L'agroécologie au sens large : en tant que science, nouvelle agronomie, agronomie verte, qui gère les ressources naturelles de façon collective par l'action sociale. Elle englobe les producteurs, les agriculteurs, les scientifiques et les consommateurs. L'agroécologie entend réunir production et consommation en vue d'atteindre la normalité et la coévolution entre l'homme et la nature.
Voilà pour le volet théorique.

Comment tout a débuté
Tout a commencé par la pratique avant de devenir aujourd'hui une véritable science. Le Brésil est le pays le plus étendu au monde et aussi celui connaissant de gros problèmes de sols imputables essentiellement aux pratiques agricoles traditionnelles et à l'agro-industrie. Vous avez toutes et tous déjà entendu parler de la forêt amazonienne et des problèmes y afférents.

Dans les années 70-80, le mouvement écologiste a émis des critiques sur ce qui se passait au Brésil. Les gens s'opposaient aux substances agrotoxiques comme les pesticides et les engrais, de nombreux groupes voulaient une autre forme d'agriculture, les mouvements sociaux voulaient que les choses changent. Les agriculteurs se sont alors lancés dans une forme alternative d'agriculture, plus durable, plus axée sur les produits bios.

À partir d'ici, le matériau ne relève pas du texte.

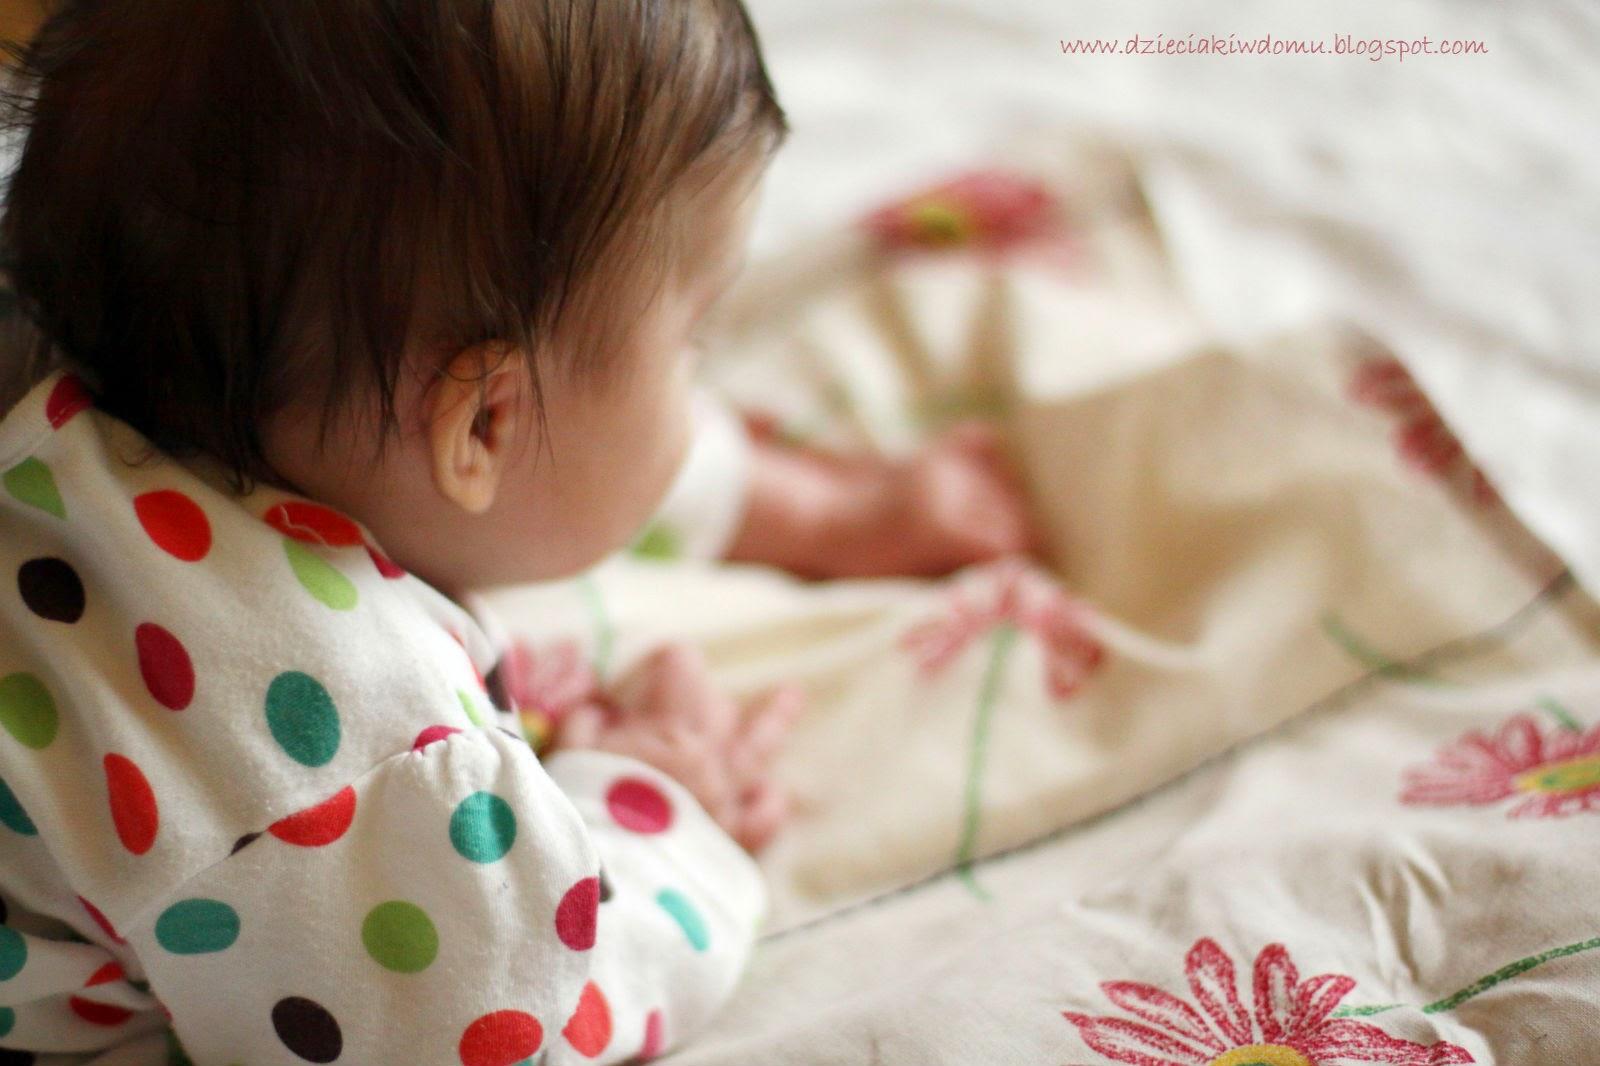 Prosta mata sensoryczna dla niemowlaka

Il vous faut savoir que le Brésil compte entretemps deux ministères de l'Agriculture affichant malheureusement deux philosophies contradictoires. L'une en faveur de l'agriculture traditionnelle promouvant les OGM, les pesticides et les engrais. Il s'agit du ministère de l'Agriculture traditionnelle et de l'Agro-industrie.
L'autre ministère se focalise, pour sa part, sur l'agriculture familiale. Il est toutefois intéressant de savoir que 70 % de la nourriture sur le marché local sont produits par ces – relativement petits – agriculteurs, les grandes industries se focalisant, quant à elles, principalement sur l'exportation.

Suite à la vague croissante de protestations des mouvements sociaux dans les années 80, une première loi bannissant l'usage de pesticides a vu le jour. Elle représentait un premier jalon important posé grâce à la pression exercée par les mouvements sociaux.

Massification du débat
C'est vendredi dernier que M. Caporal a cependant lancé son plus vibrant plaidoyer en faveur de l'importance de – comme il l'a qualifiée – la « massification du débat ». Celui-ci se fondait sur la crise sociale et environnementale, l'intérêt pour la question d'une agriculture alternative, le nombre de ses partisans ne cessant de grandir année après année. Les gens ont commencé à s'organiser en réseaux plus vastes, au niveau rural. Le premier grand congrès d'agroécologie, qui s'est tenu en 2003 à Porto Alegre, a accueilli quelque 700 participants, un peu à l'instar de celui de vendredi dernier.
La dernière fois, en 2012, ils étaient alors 3 600, tant des agriculteurs que des représentants des autochtones, des consommateurs, des universitaires, des politiciens, des scientifiques de diverses disciplines telles que l'agronomie, la sociologie, l'anthropologie, l'économie...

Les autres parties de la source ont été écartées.